**TASK PROMPT**
Please write out the full listing beneath this line exactly, skipping its images.

**DATA SEGMENT**
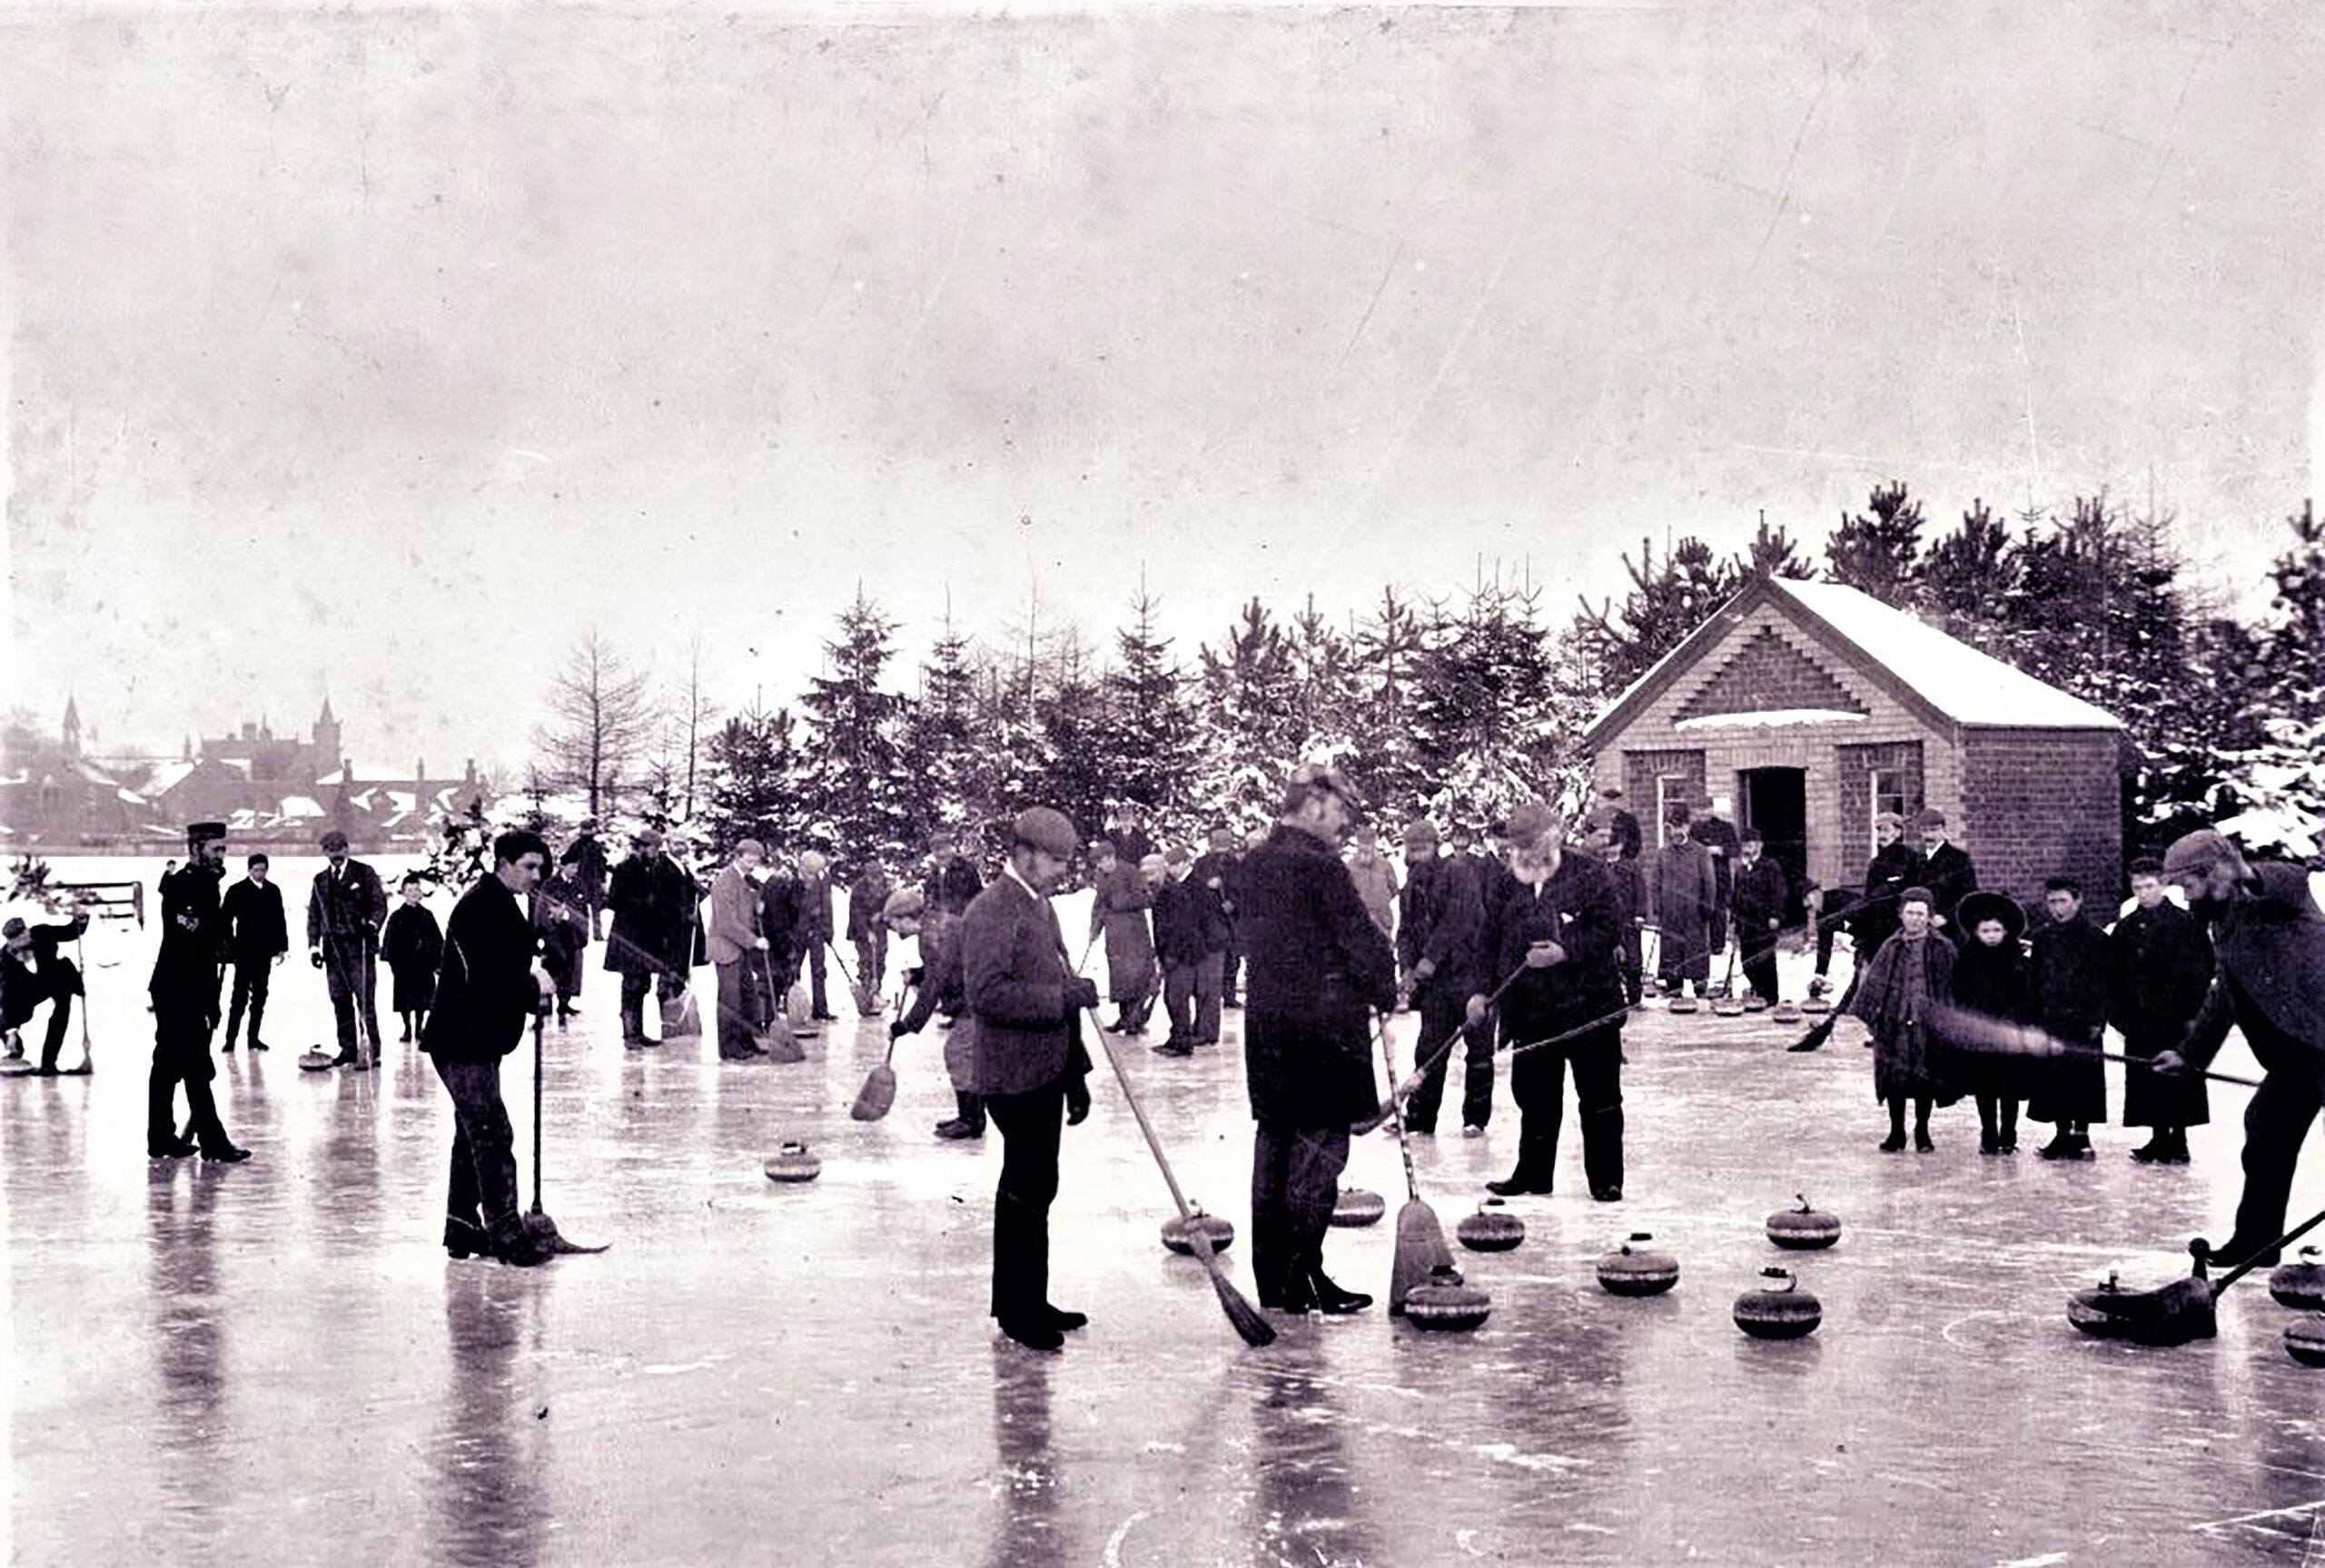 Tayport Heritage Trail - Board 14 - Event on the curling pond early 1900s
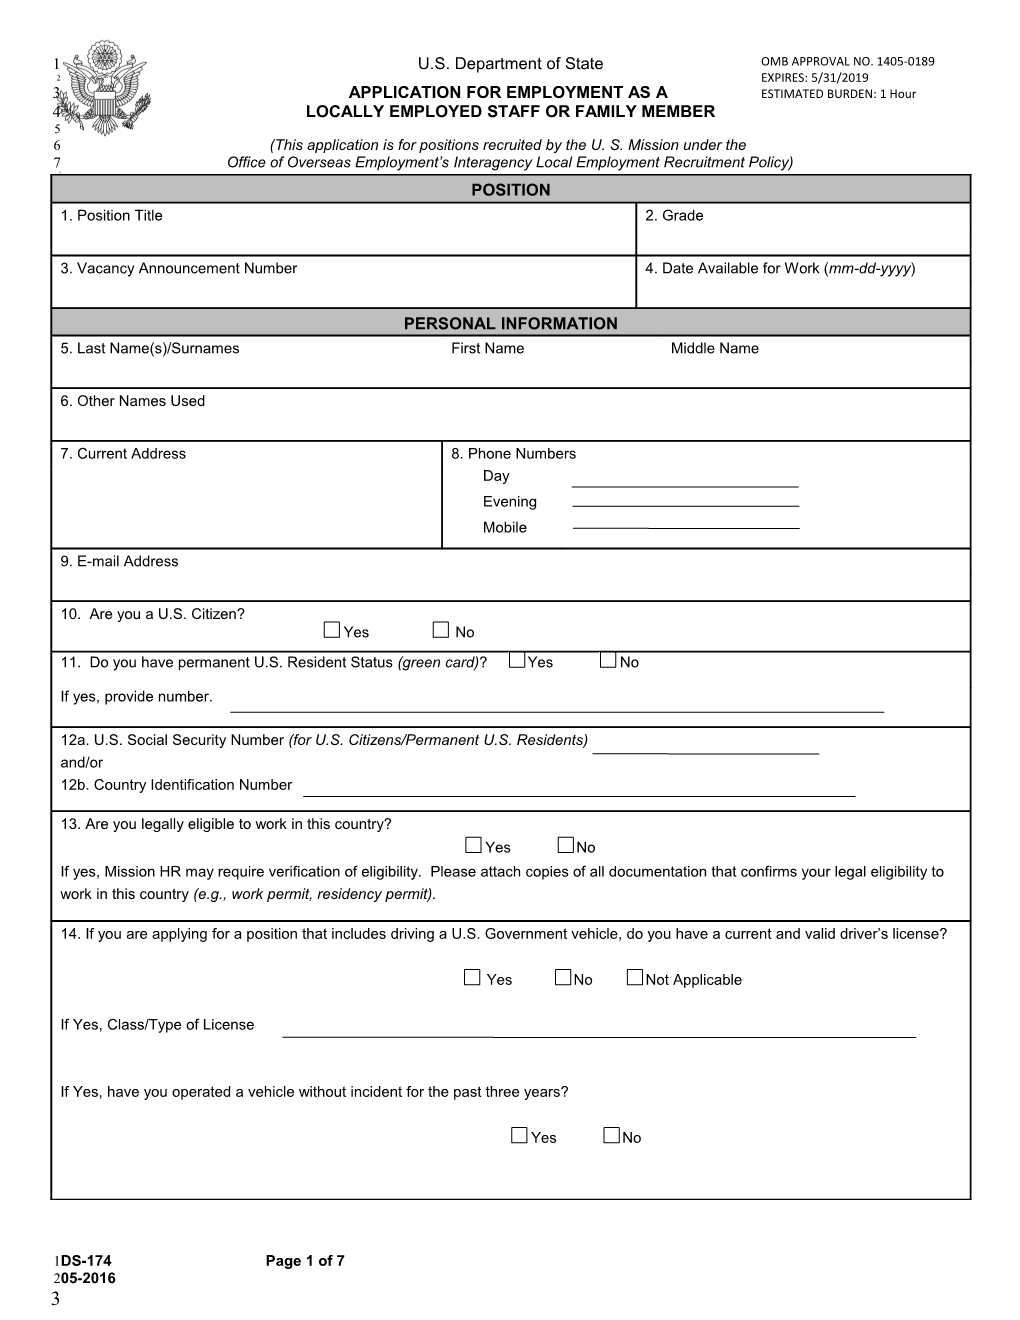 DS-174 Application Form
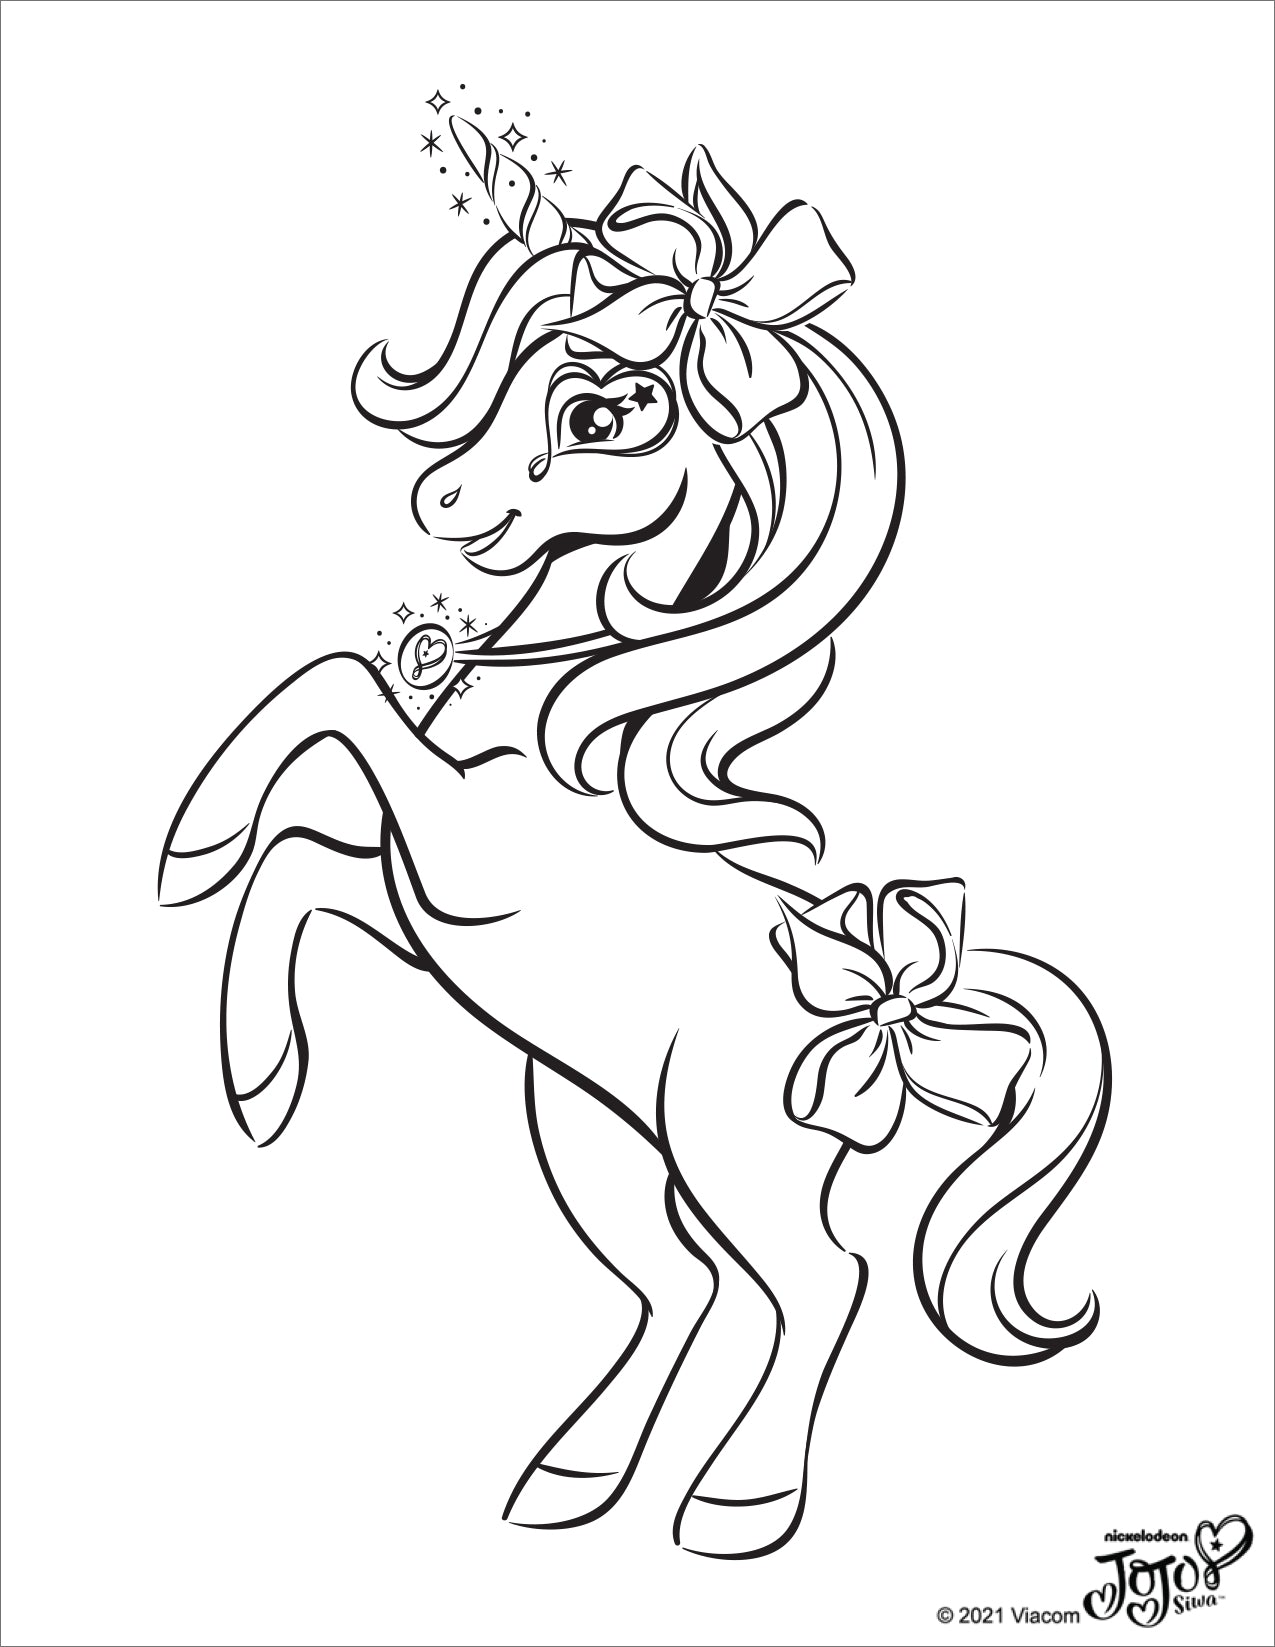 CultureFly | JoJo Siwa Coloring Pages

**FINISHED TASK**
 Tayport Heritage Trail - Board 14 - Event on the curling pond early 1900s
 DS-174 Application Form
 CultureFly | JoJo Siwa Coloring Pages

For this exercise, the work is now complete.